Given information =
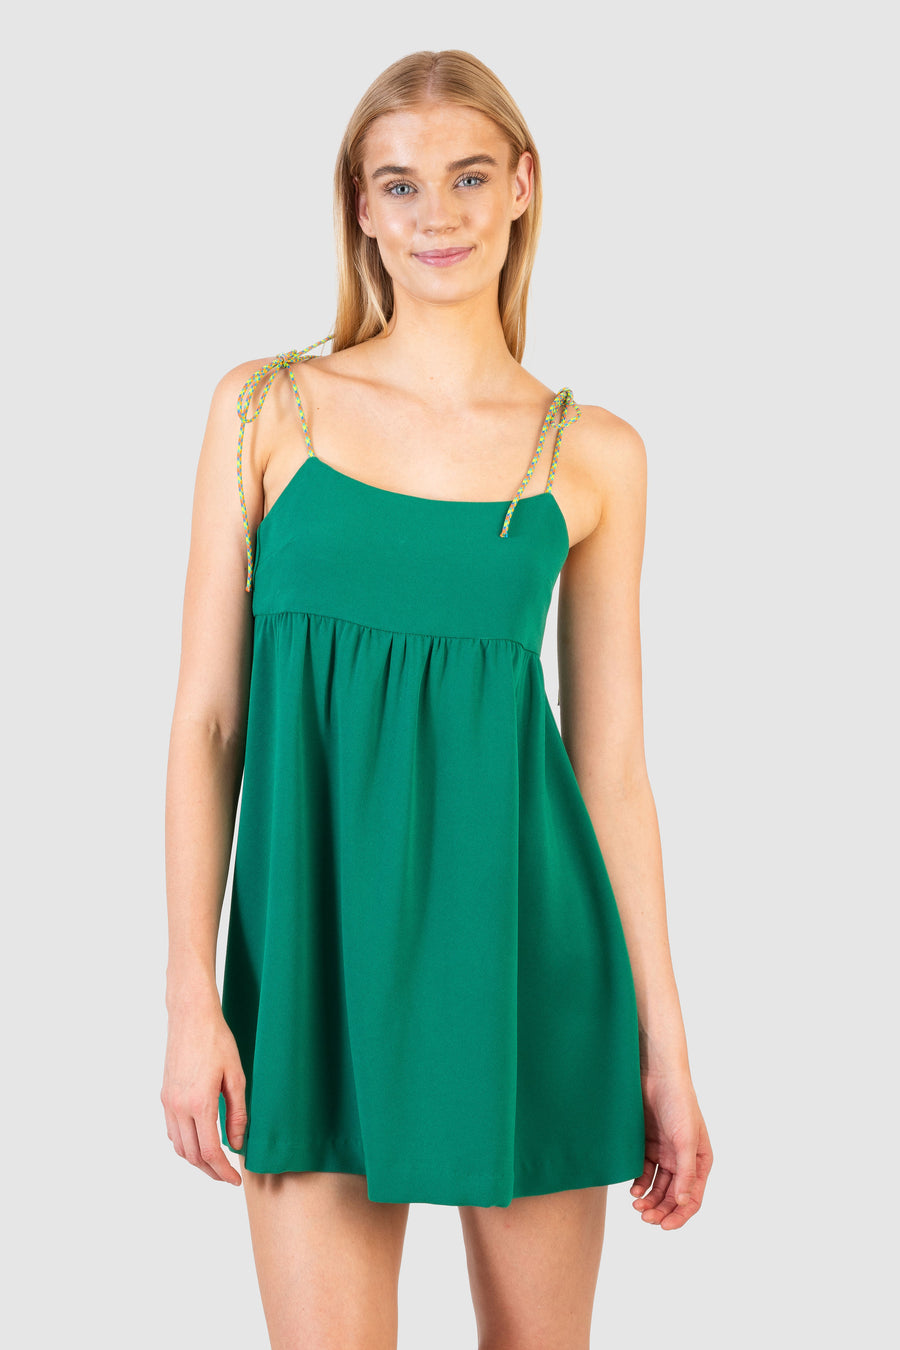 Alexis Dress Green *Limited*Edition*
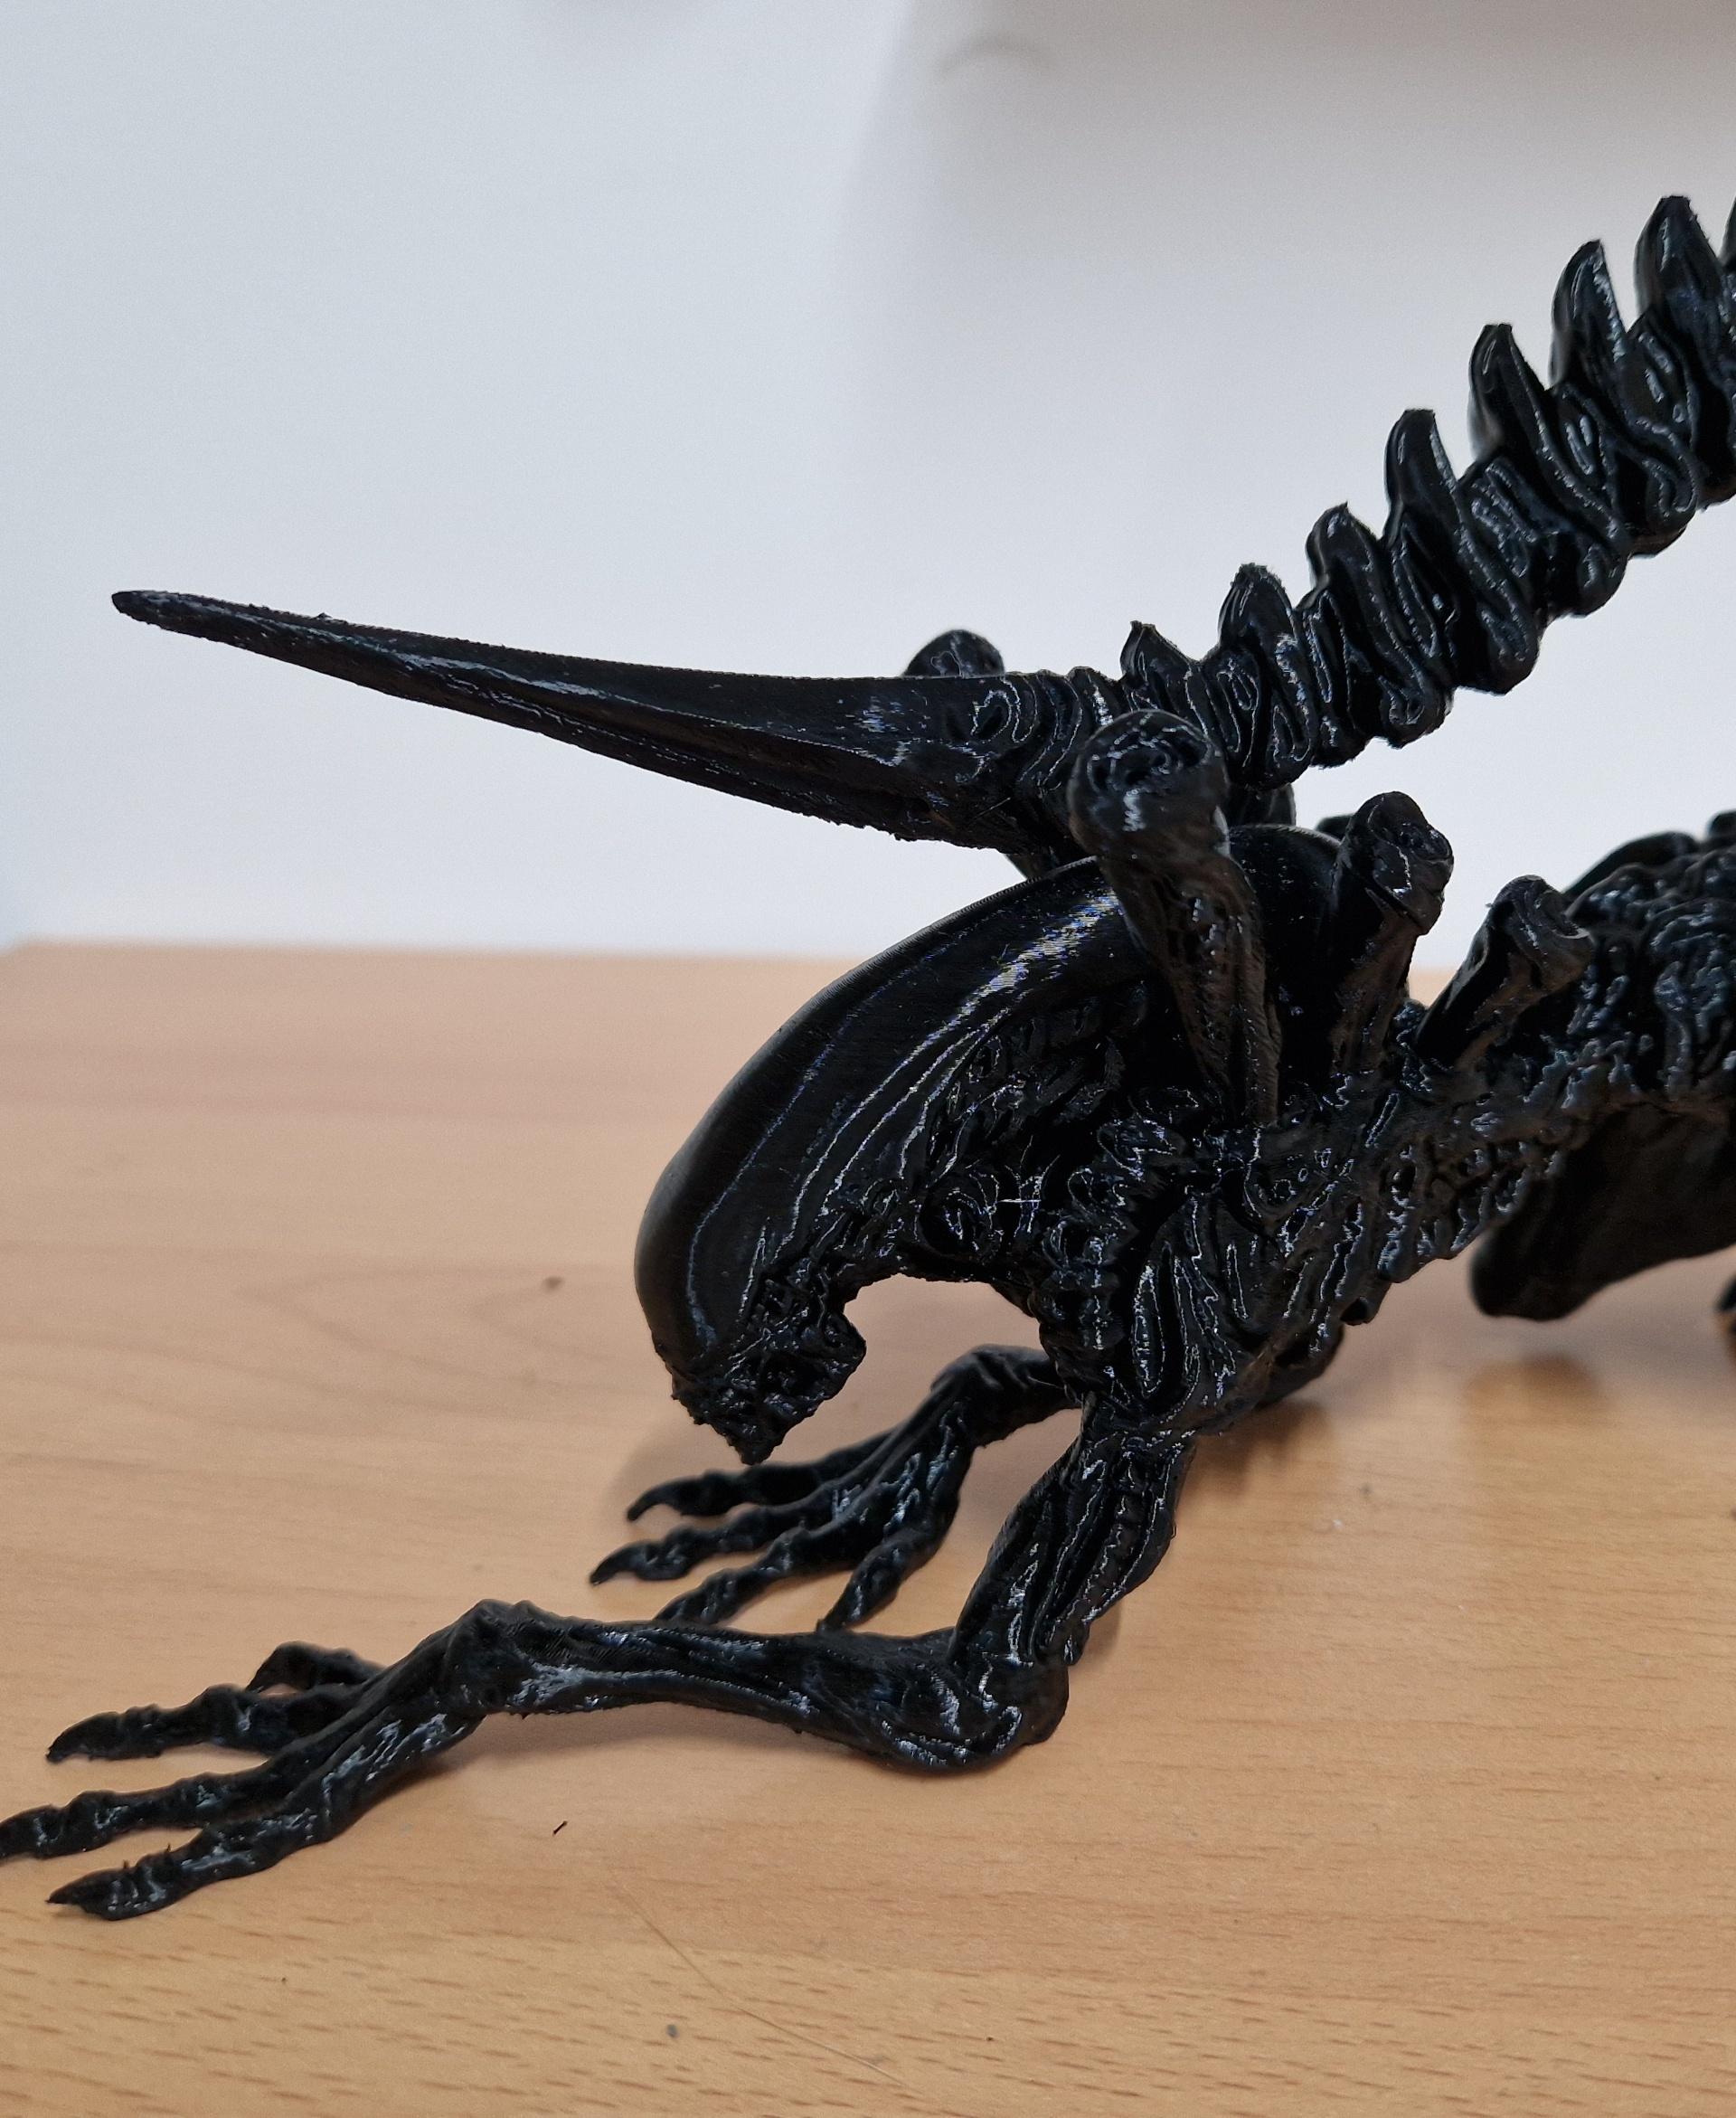 Alien  - Setup: BL P1S using black eSUN PETG, with a 0.16mm layer, sliced in BambuStudio with added organic supports. Print took 15hrs, and used 129g

After many hours tweaking a Benchy for this filament, I was happy enough to print this amazing model!

The supports were a pain to remove, but that was caused by the layer adhesion properties of PETG. I wanted to use this material to give strength and a shiny finish.

The model is great, even if the STL file shows alot of surface tessellation. It didn't show on the final print.

If anyone is interested in the filament and process configs, let me know. - 3d model

Your task = Go through the entries above and copy every line containing "model".

Written reply =
After many hours tweaking a Benchy for this filament, I was happy enough to print this amazing model!
The model is great, even if the STL file shows alot of surface tessellation. It didn't show on the final print.
If anyone is interested in the filament and process configs, let me know. - 3d model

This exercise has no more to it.